On one level, it’s ridiculous. On another, is Harden a genius? Has he mastered the work-life balance by constantly working where he wants, when he wants, for the money he wants, and never spending a second anywhere he doesn’t want to play anymore?
The Ultimate Loud Quitter, James Harden.
5. Russell Westbrook is back with James Harden — again
The Thunder struggled to maintain balance with Harden and Westbrook, with Westbrook trying to drive through defenses like a muscle car through water barrels and Harden dissecting them with passing. Then Harden had Chris Paul shipped out (just as he had Dwight Howard moved on) in exchange for Westbrook.

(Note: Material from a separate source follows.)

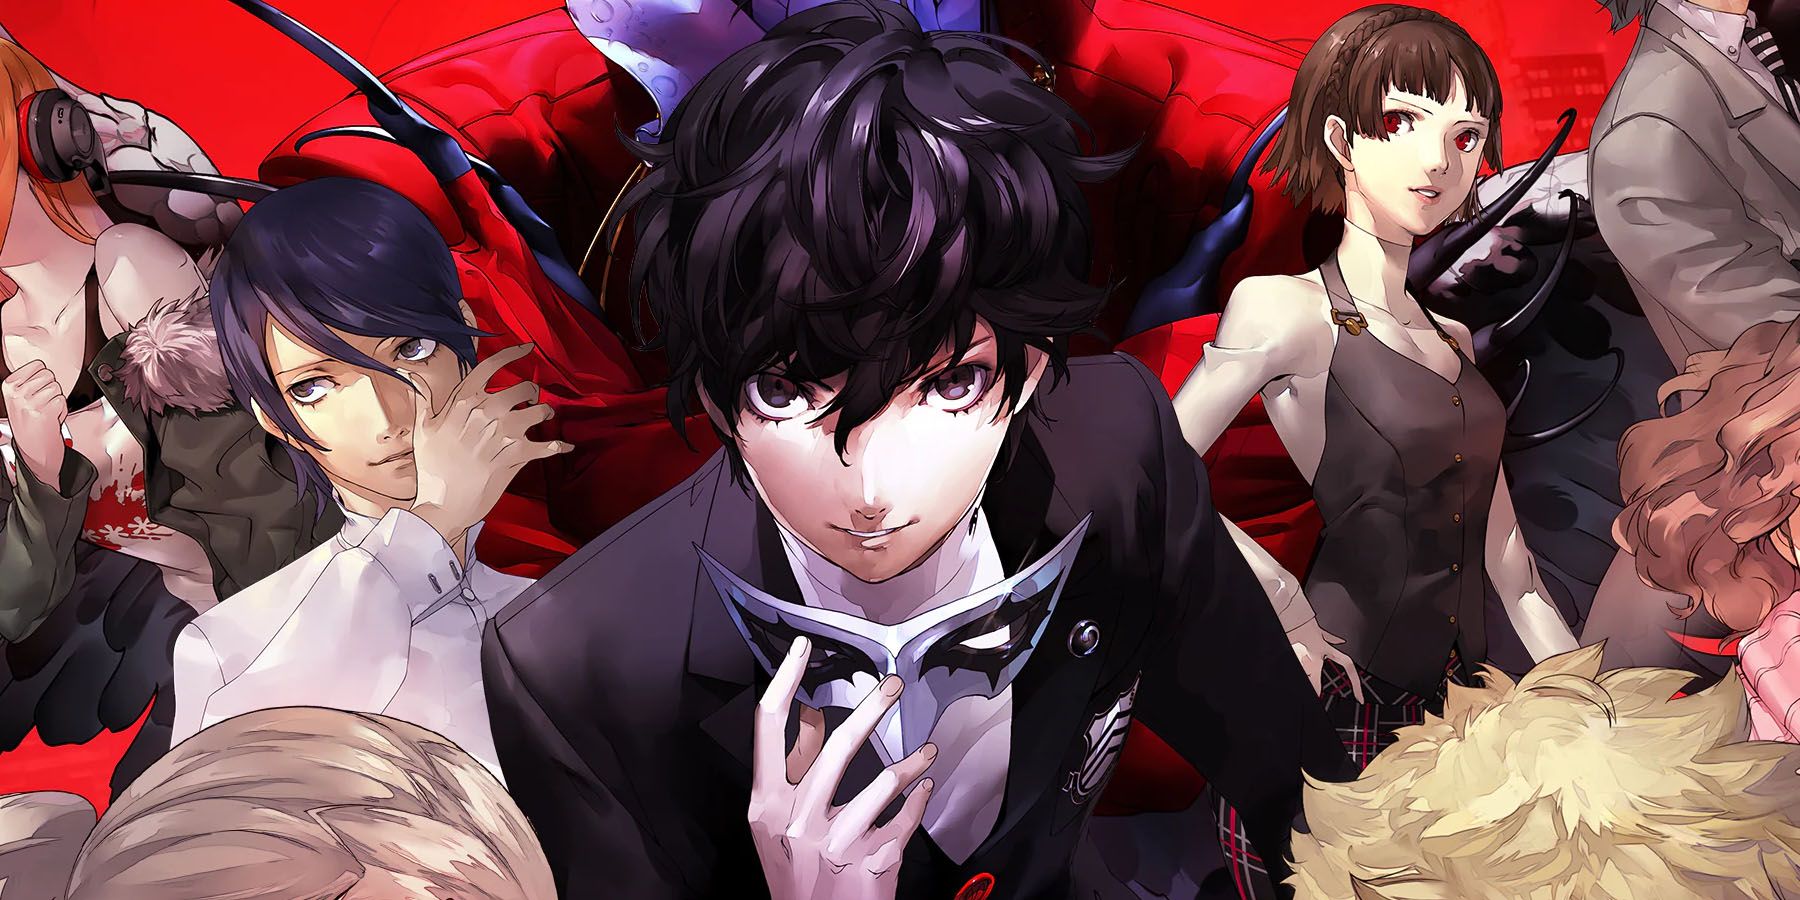 Persona 5 has sold 2 million copies worldwide, the highest sales

Westbrook and Harden were fine in Houston. They went 44-28 in the COVID-shortened season before flaming out and being run over by the bigger Lakers in the playoffs.
But the fact that they wind up playing together repeatedly is pretty funny, especially given that both are primarily incalcitrant and stubborn about the way they play. Harden is going to play like Harden, and Westbrook is going to play like Westbrook, and we’re probably going to wonder why Paul George doesn’t get the ball more.
6. The Furkan Korkmaz Addendum
A questionable report surfaced that Korkmaz, who requested a trade last February, wanted to be in the deal and wasn't.
Korkmaz has wanted out of Philadelphia for years, but no one’s knocking down the door to acquire him. The fact that what feels like 18 players were moved in this deal, and Korkmaz wasn’t one of them, is amusing.
7. This could all end next year
George, Leonard, Westbrook and Harden are all unrestricted free agents. Now, George and Leonard have clarified that LA is where they want to be, and there’s no real reason to think they’ll sign elsewhere unless the team decides to go in a different direction. All four players are originally from California, a nice wrinkle.
But if things go badly, the possibility that they constantly liquidated and leveraged against their future to get a team that just up and left would be a fantastic failure, even if it would be pretty sad given what Clippers fans have endured.